Discrimination against redheads The third Antoshka cartoon, and the musical again. “Red, Red” may not be as famous as a song about potatoes or two geese, but if you like Soviet cartoons, you probably know about this part.
After the hilarious and humorous Two Merry Geese, the franchise took on an unexpectedly more serious tone. The franchise... a big word for Antoshka, isn't it? But another time. If the first part condemned laziness, and the second mockery of the elderly, the third touches on discrimination on hair color, and for this cartoon is worth saying “thank you.” The guys mock the red Antoshka so much that they bring him to tears, and then even the sun rises to his defense. But if children’s pranks are even more or less understandable, then the bullying of old women over the same red grandfather is almost a diagnosis. The cartoon, of course, furnishes everything comedic, but, reviewing it at a conscious age, involuntarily shakes your head with a sense of condemnation.

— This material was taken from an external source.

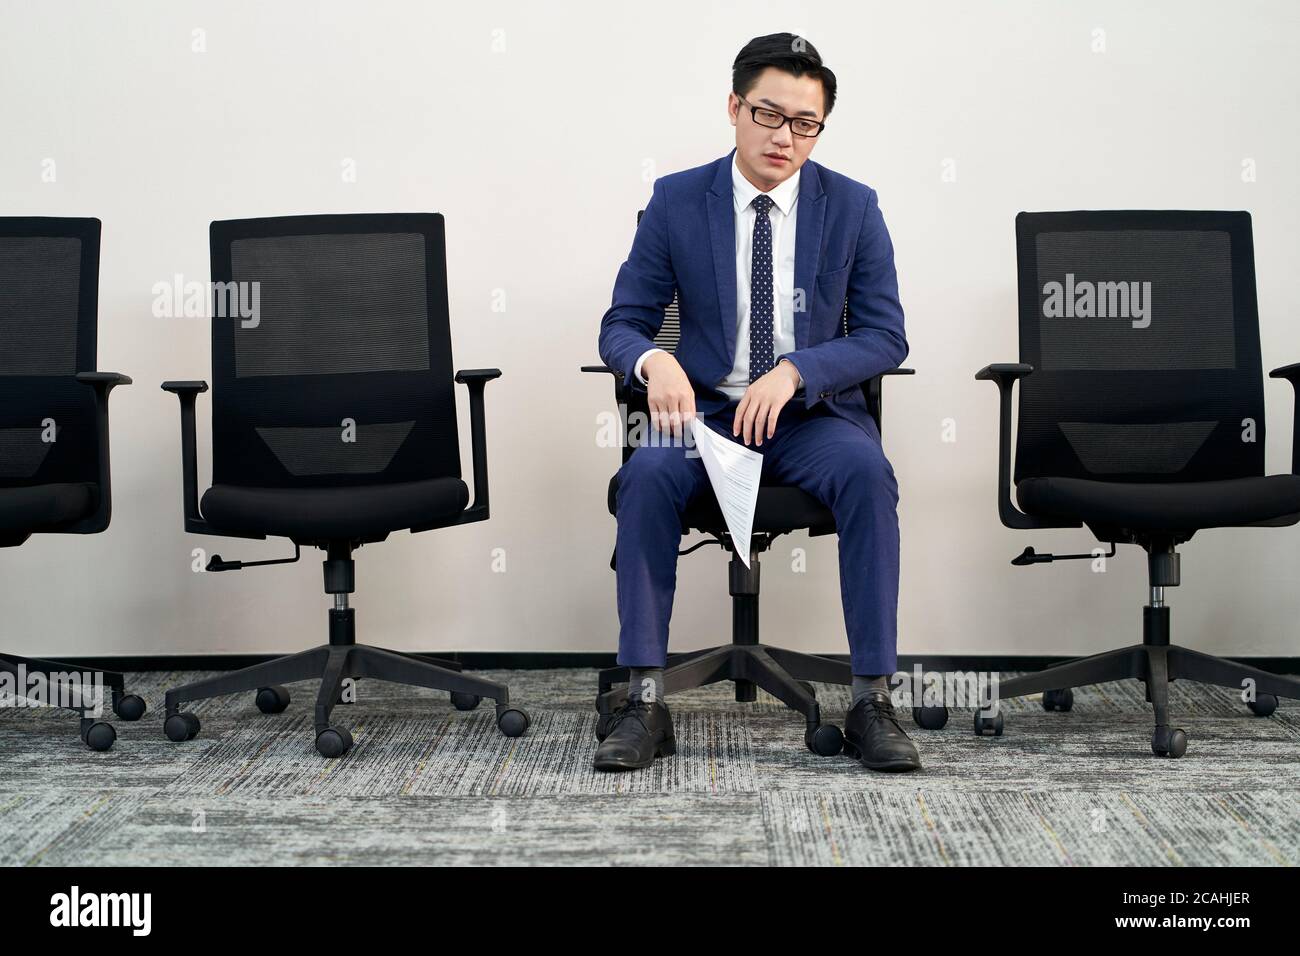 le jeune homme asiatique, candidat à un emploi assis à la présidence, semble frustré et défait Banque D'Images

Antoshka here again appears in the company of a crater, who never reached the intellectual level of geese, however, imitating the owner, learned to spit seeds. As an acceptable form of self-defense. The funniest moment of Red is the moment with an old picture of his grandfather. In relation to Antoshka, he turns out to be a great-grandfather.
To be honest, excessive ridicule of the main characters leaves not too pleasant aftertaste. If "Two Merry Goose" please, then "Red, Red ...", perhaps, is perceived more contradictory.